Аграфена Ивановна из деревеньки под Тверью: рассказ о женской судьбе, в которой было много войны и мало радости

Аграфена Ивановна из деревеньки под Тверью: рассказ о женской судьбе, в которой было много войны и мало радости

Вот и отгремели празднества в честь очередной годовщины Победы, но память о Великой Отечественной войне, сколько праздников и будней ни сменится на календаре, навсегда останется неразлучной с тверской землей.

Хранительница деревни

В лесах под Тверью грибники до сих пор натыкаются на мшистые ямы и ямки, на извилистые неглубокие канавы. Это бывшие блиндажи, одиночные окопы-ячейки и траншеи – наглядные следы Великой Отечественной, которые еще не успело заровнять время.

И все меньше тех, для кого война была частью собственной жизни, а не старинной легендой. Уже несколько лет нет с нами и героини этого очерка, своего рода хранительницы духа одной из деревень в окрестностях Твери.

Как и во многих других, в этой деревне за последние годы появилось много новых богатых домов. Их хозяева то приезжают, то уезжают в город на своих машинах. Двадцать минут – и ты уже на Речном, не то, что в старые времена, когда каждый километр меряешь своими шагами. На эту суету и мельтешение диковинных иномарок с философским спокойствием взирала Аграфена Ивановна, или тетя Груша, сухонькая старушка с палочкой, неспешно прогуливавшаяся по улице. Ее старый деревянный дом на окраине как-то незаметно оказался в окружении коттеджных новостроек. Впрочем, состоятельные соседи со всем уважением и почтительностью отнеслись к деревенскому старожилу и, если надо, то и помогали тете Груше по хозяйству.

Когда автор этих строк был мальчишкой, мы побаивались ее строгого бригадирского голоса, который раздавался, когда наши шалости выходили за рамки приличий. В ту пору окрика старших было достаточно, чтобы ребячья компания прекратила свое невинное детское хулиганство. Тетя Груша вышагивала деревенской улицей, посматривая, все ли ладно кругом, да порой подсаживаясь на лавочку, чтобы посудачить с соседками. Как сейчас говорят, «поставить лайк» всякому проходящему. Приедешь, бывало, на каникулы, увидишь бабушек на лавочке – значит, все в порядке, стоит деревня, жизнь идет своим чередом. Но время неумолимо, и подруги-ровесницы поуходили, да и лавочки у заборов что-то больше никто не ставит. Теперь, бывает, посмотришь вдоль улицы, а сухонького силуэта с палочкой в белом платочке нигде не видно. И становится пусто…

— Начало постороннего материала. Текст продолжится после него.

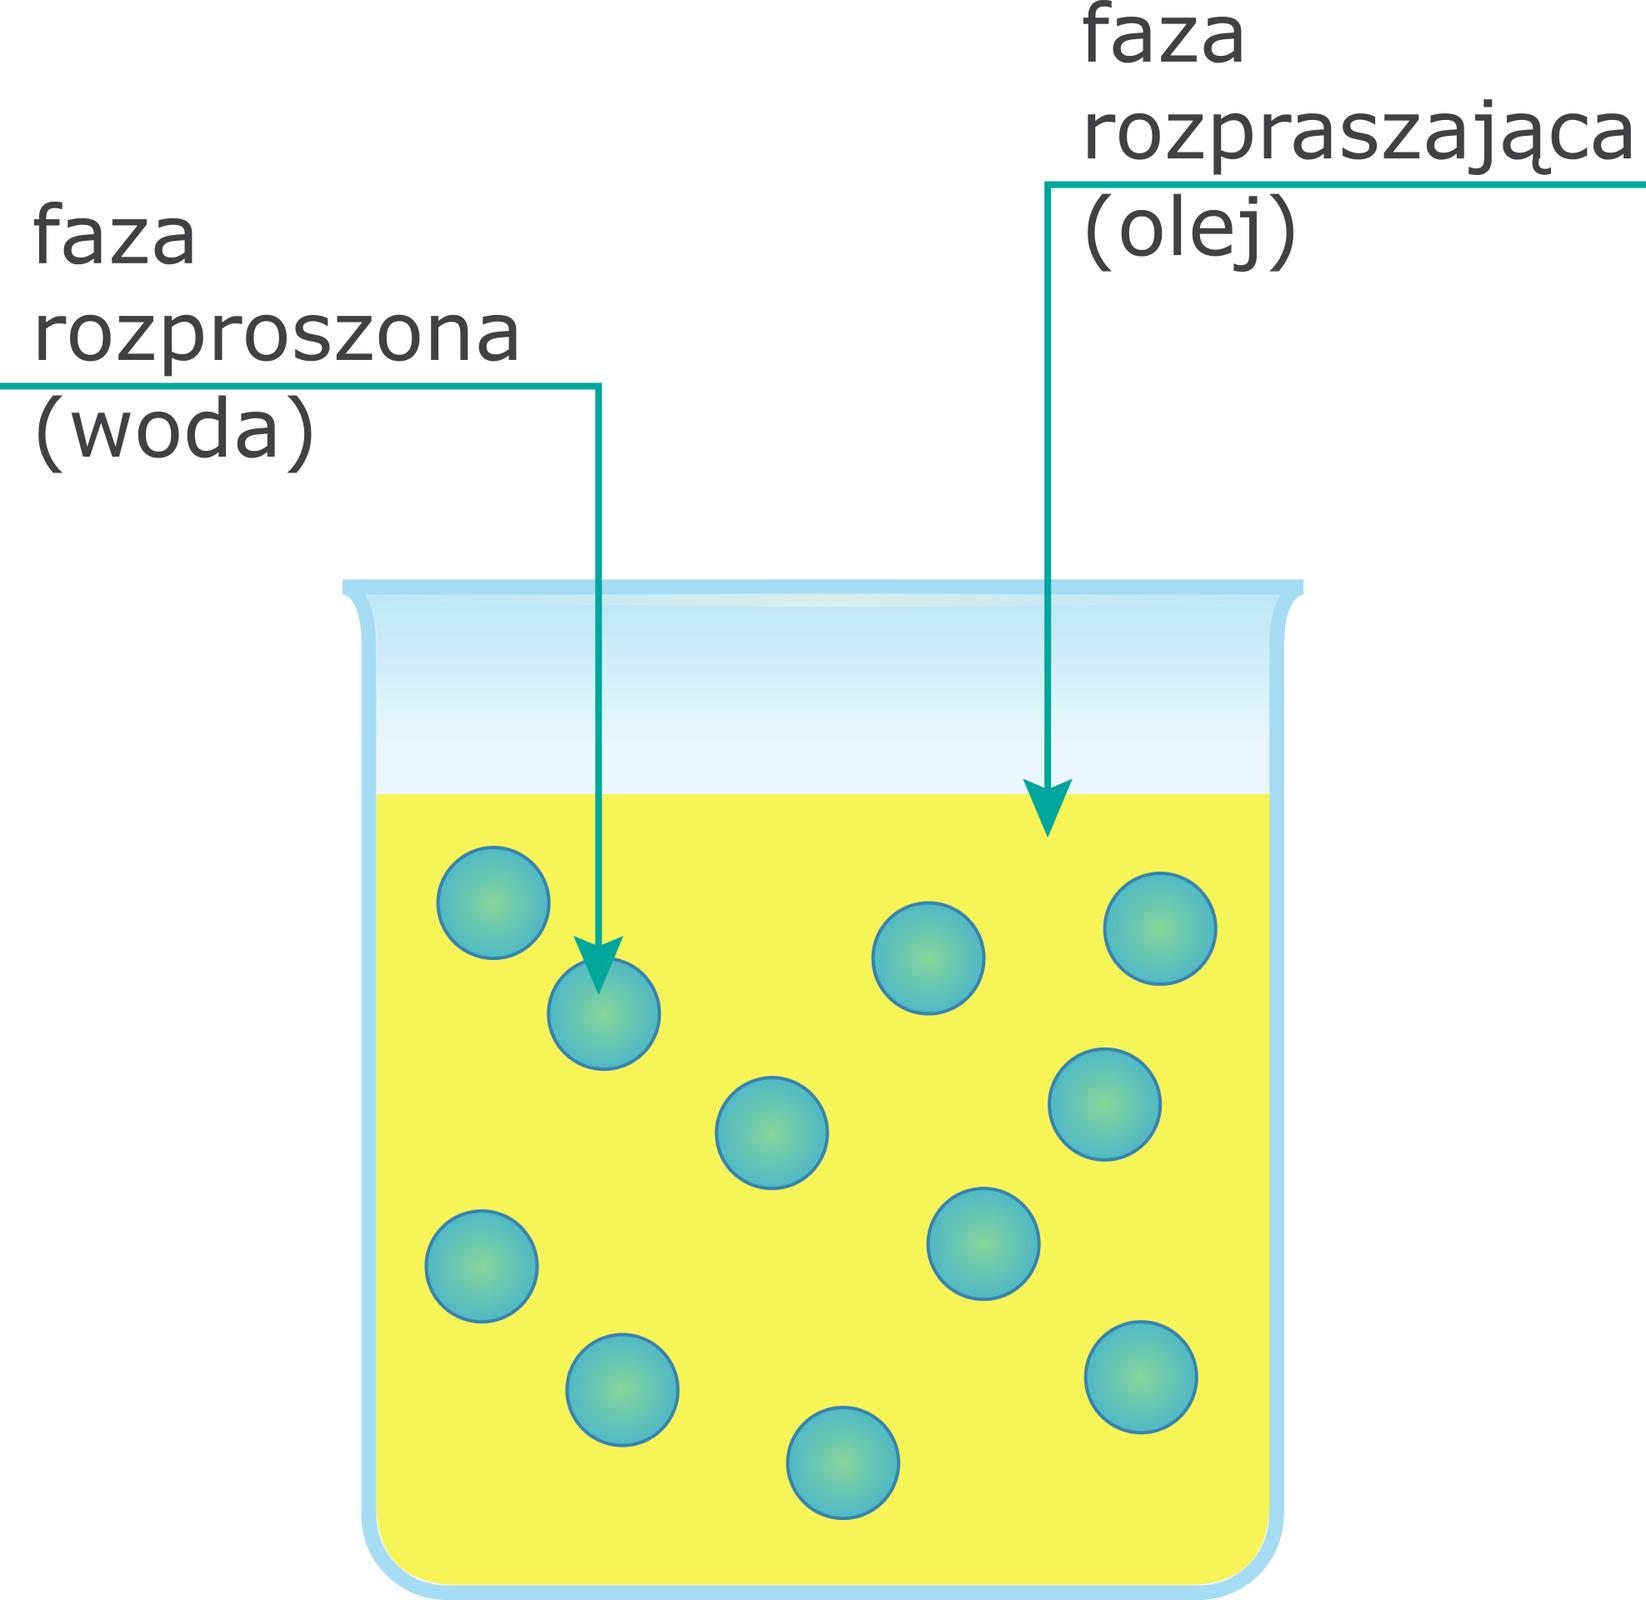 Emulsja typu woda woleju w/o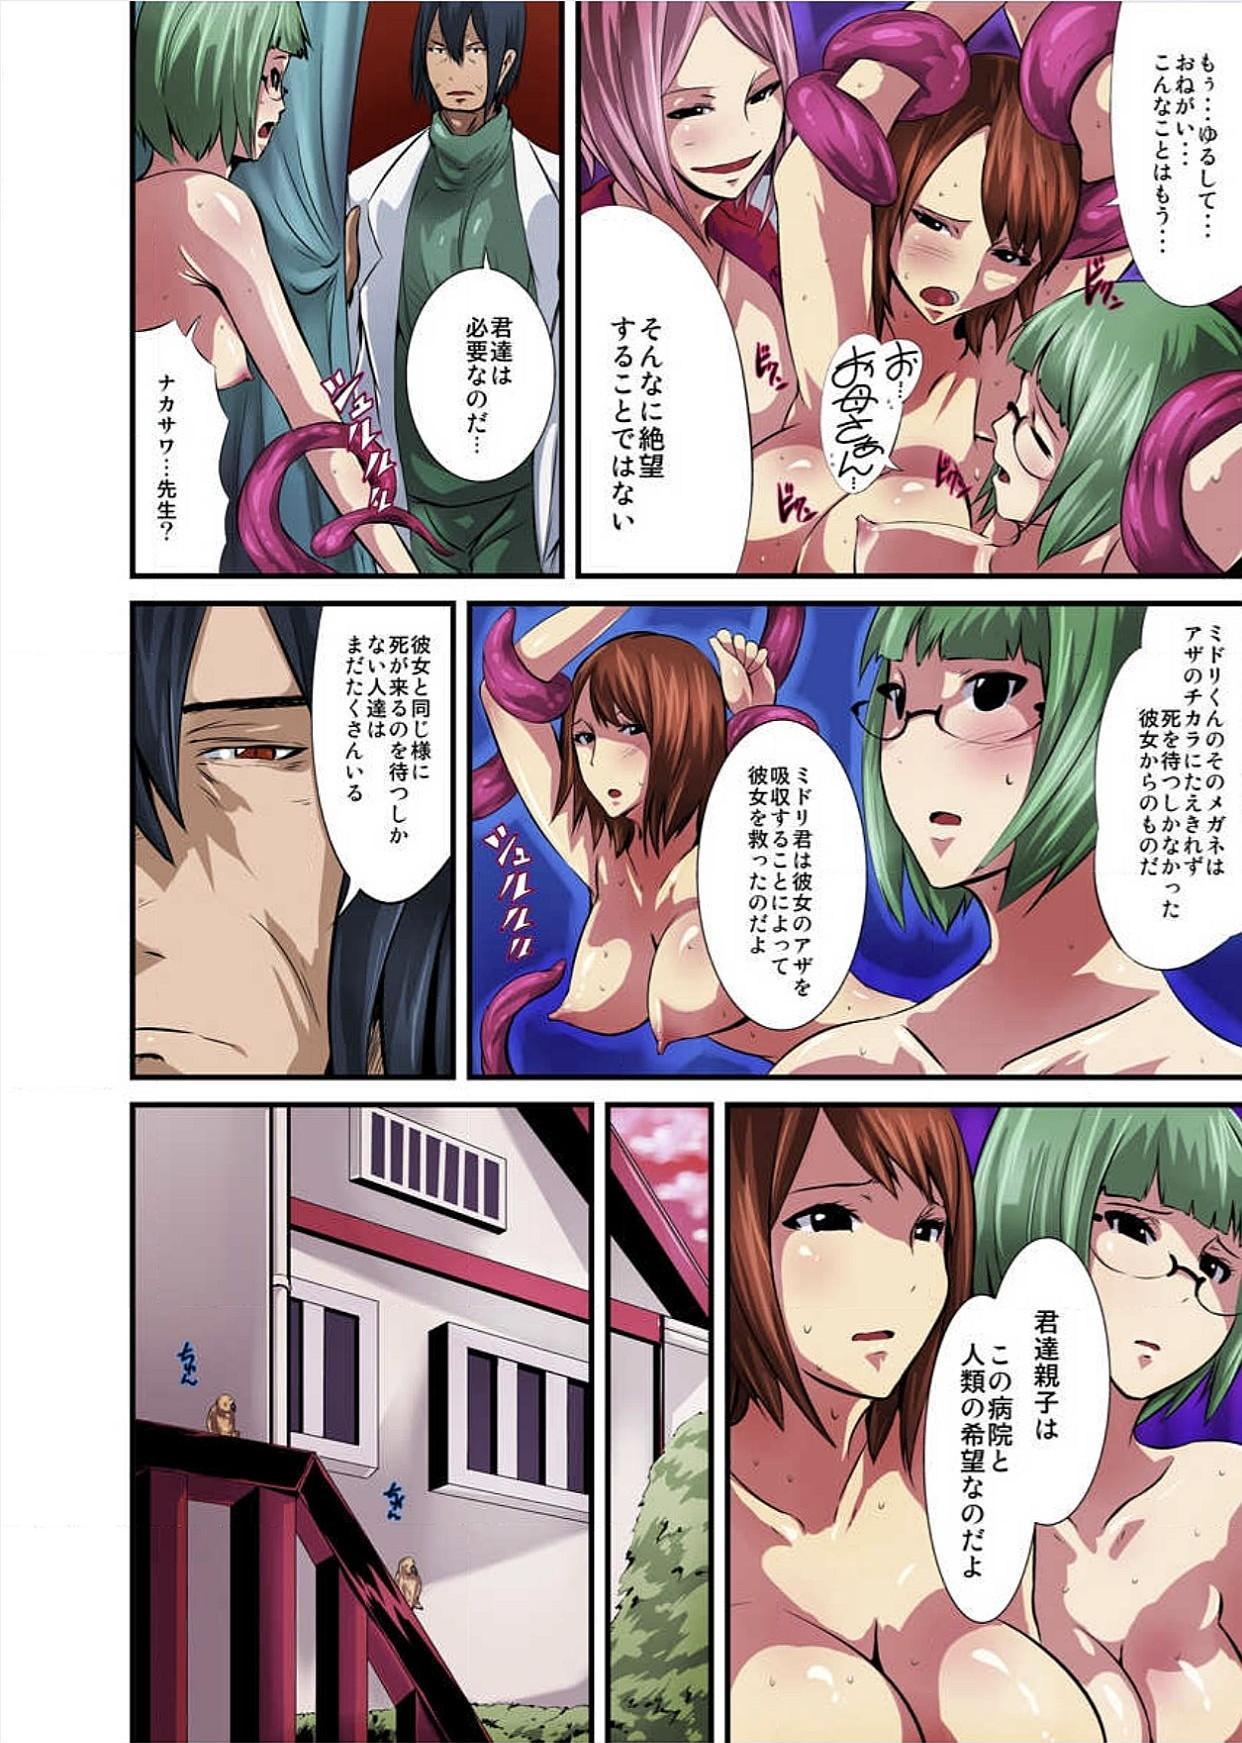 [Tomihero,] Shokushu Byoutou ~Itsuwari no Sanbujinka~ (Full Color) 【Tokusou Han】 [Digital] 145

Из-за бронзового цвета кожи Аграфену Ивановну издалека можно было принять за цыганку. Однако она, можно сказать, соль земли и плоть от плоти тверского края. А бронзовый цвет, за который молодые красотки сегодня платят деньги в соляриях, ее кожа приобрела за полвека трудового стажа. Свои трудодни тетя Груша зарабатывала отнюдь не в теплых канцелярских кабинетах. О том же говорят и натруженные женские руки.

Ее судьба, наверное, типична для русских женщин того поколения. Она стала третьим ребенком в большой крестьянской семье Ивана и Анны Шиловых, всего же детей было восемь. В середине тридцатых годов родители перебрались ближе к городу из Рамешковского района, где совсем пришел в упадок местный колхоз. Стали жить в крайнем доме в деревне Павловское (он и теперь еще стоит), что на правом берегу Тверцы. Затем переехали в Городище, что в паре километров ниже по течению, и уж потом осели в деревне Рылово, что раскинулась на левом берегу. Старшие братья нашли работу в городе, а Груня Шилова пошла учиться в фабрично-заводское училище швейников. Возвращается как-то домой – а по деревне людской гомон: «Война, война!».

Прошло только четыре дня, как девушке исполнилось 16 лет. В то время старший из братьев, Алексей, уже год как был в армии. До 1946 года он прослужил на Дальнем Востоке. Другому брату, Василию, в сорок первом как раз исполнилось восемнадцать, и 2 декабря его взяли на фронт. Аграфена Ивановна очень хорошо помнит эту дату – за считанные дни до начала советского контрнаступления. Забегая вперед, скажем, что оба брата вернулись со службы и дожили до преклонных лет. Пришел с войны и глава семейства Иван Васильевич, сполна оттянувший солдатскую лямку.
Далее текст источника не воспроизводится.